Quels sont les principaux défis pour positionner l’huile de cannabis marocaine à l’international ?
Malgré son fort potentiel, plusieurs obstacles subsistent. D’abord, les normes internationales de qualité et de traçabilité sont devenues très exigeantes, nécessitant une standardisation de la production et une stabilité de la qualité.
Ensuite, l’organisation des chaînes d’exportation reste relativement faible, tant au niveau logistique que du marketing et de la promotion des marques marocaines. À cela s’ajoute une concurrence internationale intense, notamment de la part de pays pionniers comme le Canada et certains pays européens.
Par ailleurs, la contrainte des ressources naturelles, en particulier l’eau, constitue un défi supplémentaire dans un contexte de changement climatique.
Cependant, le Maroc dispose d’atouts majeurs, notamment le caractère local de ses variétés comme la « Beldia » et la dimension durable de la production coopérative, qui peuvent devenir des avantages compétitifs s’ils sont valorisés à travers des certifications environnementales et des marques responsables.
Quelles sont les étapes concrètes pour mettre en œuvre l’approche cycle de vie sur le terrain ?

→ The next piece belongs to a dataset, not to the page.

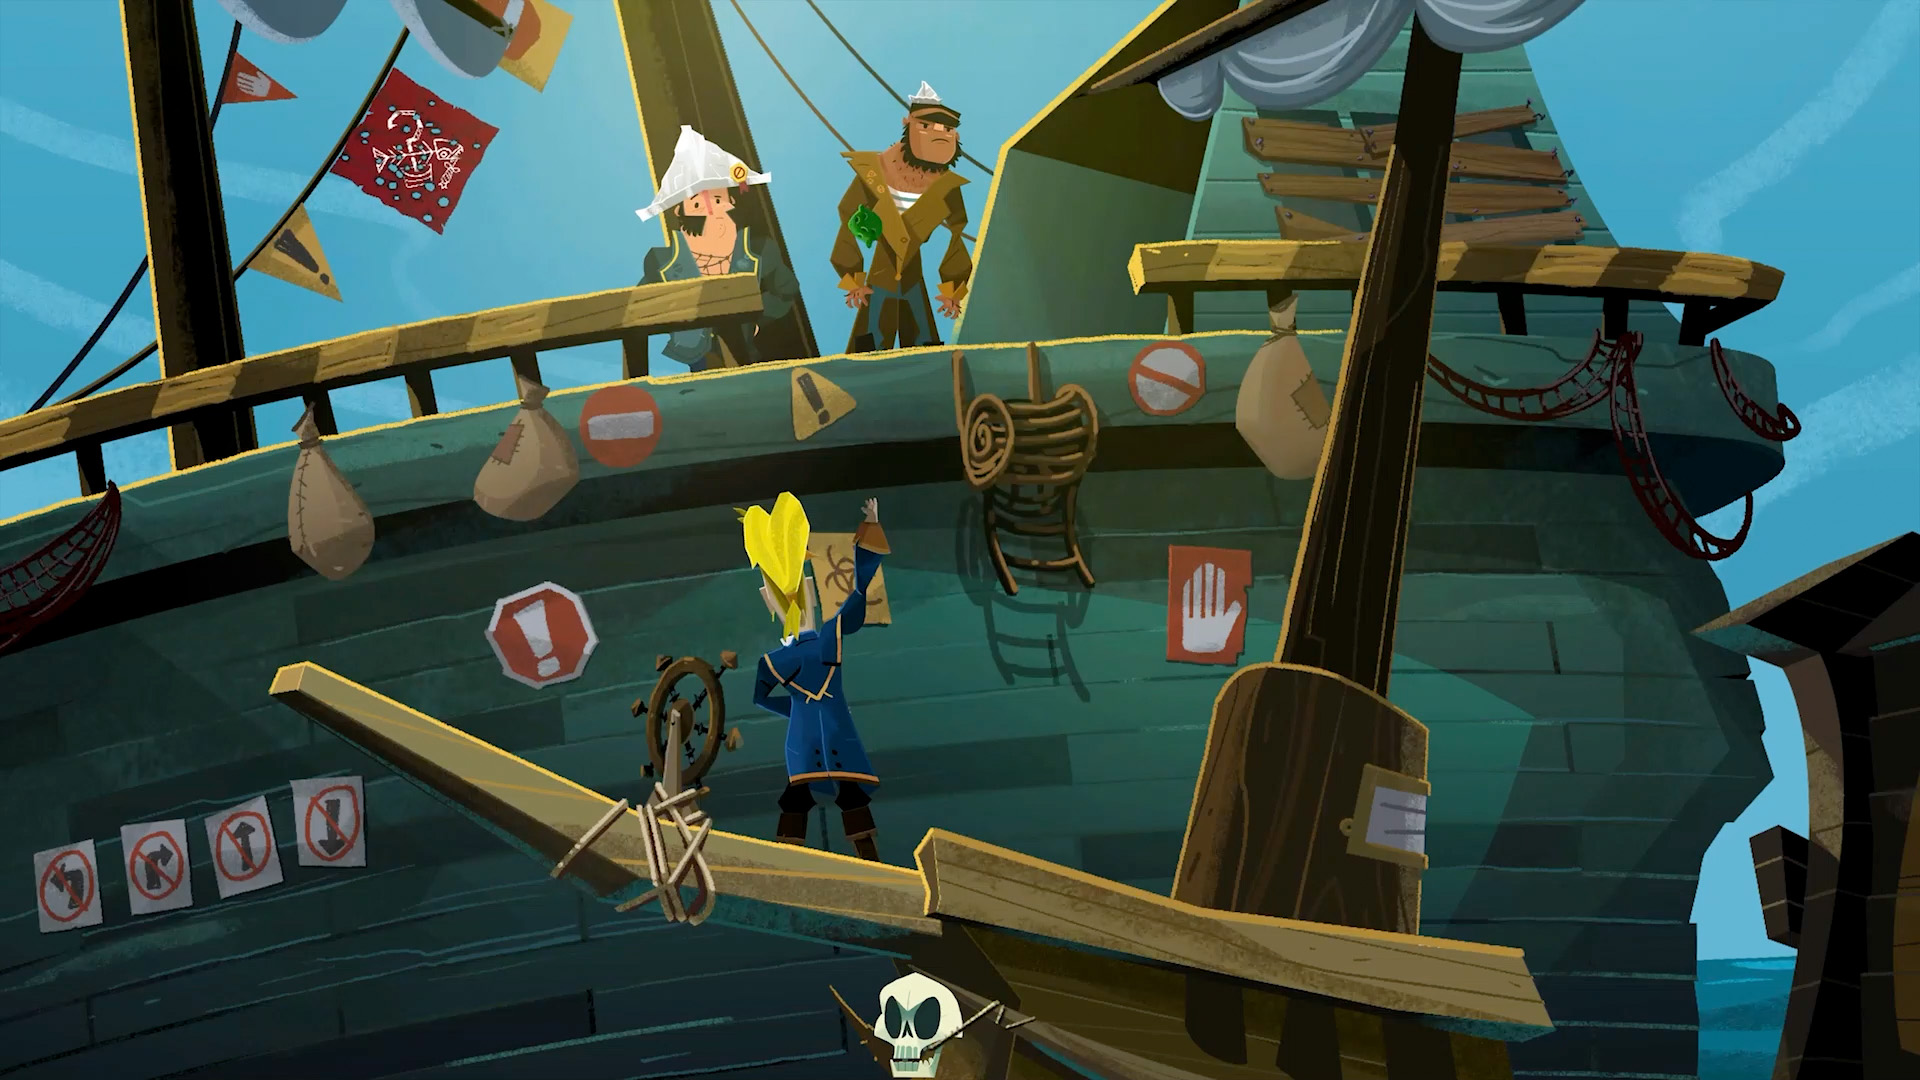 A blond pirate reaches his hand up the side of a ship in Return to Monkey Island

La mise en œuvre de cette approche suppose de passer d’une vision théorique à des actions concrètes. Nous recommandons six mesures prioritaires : améliorer l’efficacité de l’utilisation de l’eau grâce à la généralisation de l’irrigation goutte-à-goutte et à une planification précise ; accroître la productivité agricole afin de réduire l’empreinte environnementale par unité produite ; diminuer les pertes lors des phases de transformation, notamment au nettoyage et au pressage ; valoriser les sous-produits comme le tourteau de graines ; recourir aux énergies renouvelables, notamment l’énergie solaire, dans les unités de production ; et améliorer les solutions d’emballage en privilégiant le verre léger ou recyclé ainsi que les matériaux biodégradables.
Ces mesures ne nécessitent pas nécessairement des investissements lourds, mais elles exigent une vision intégrée et une coordination entre les différents acteurs, avec un rôle central confié aux coopératives dans cette transition.